## What to produce
Across the entries below, how many lines include the word "reservoir"? Reply with only the number.

(Recorded data)
──────
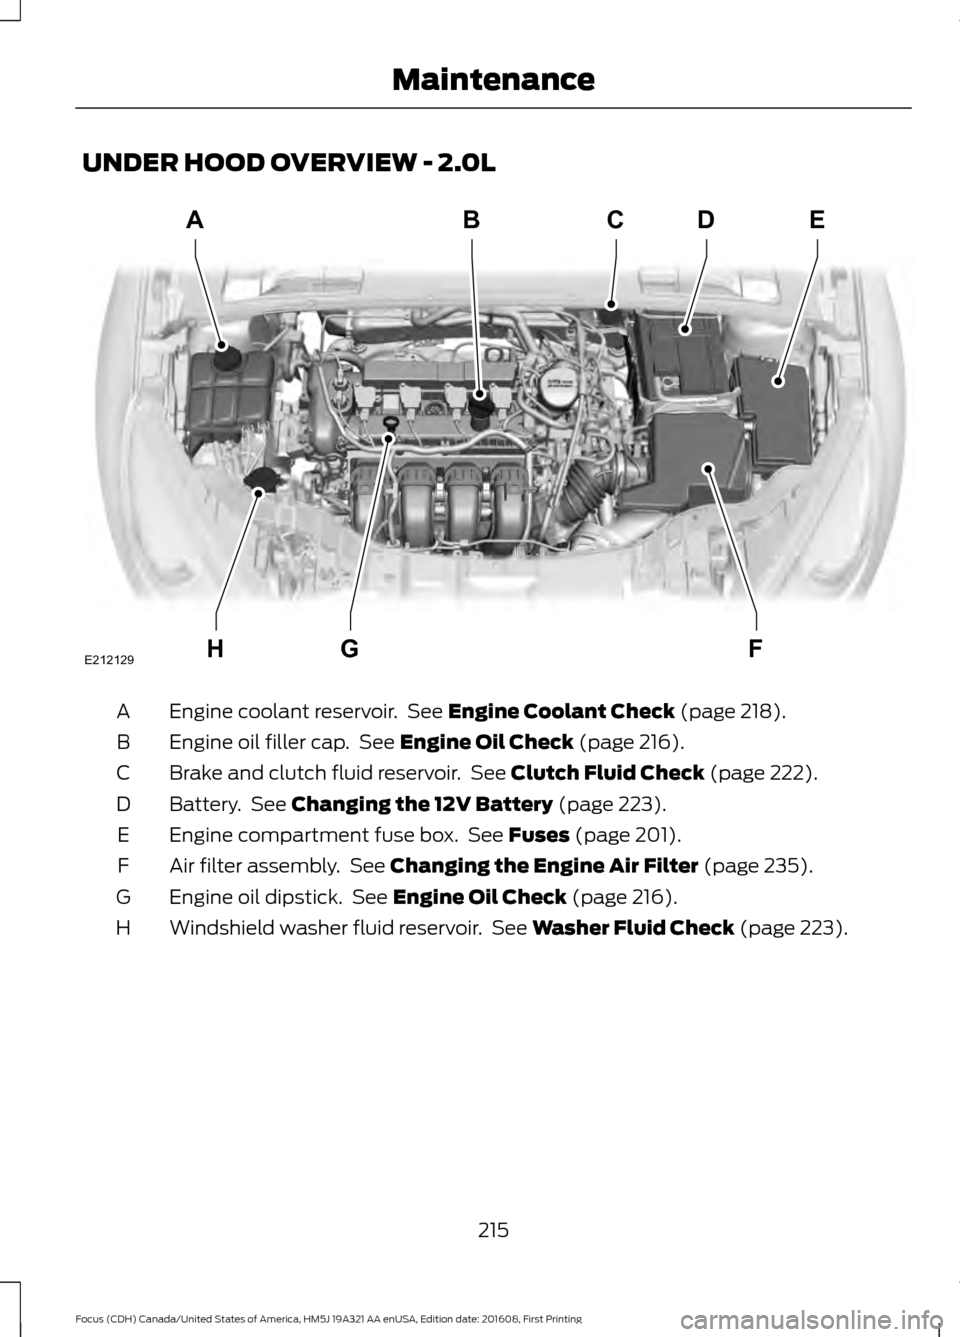 FORD FOCUS 2017 3.G Owners Manual UNDER HOOD OVERVIEW - 2.0L
Engine coolant reservoir.  See Engine Coolant Check (page 218).
A
Engine oil filler cap.  See 
Engine Oil Check (page 216).
B
Brake and clutch fluid reservoir.  See 
Clutch
──────
## Response below
2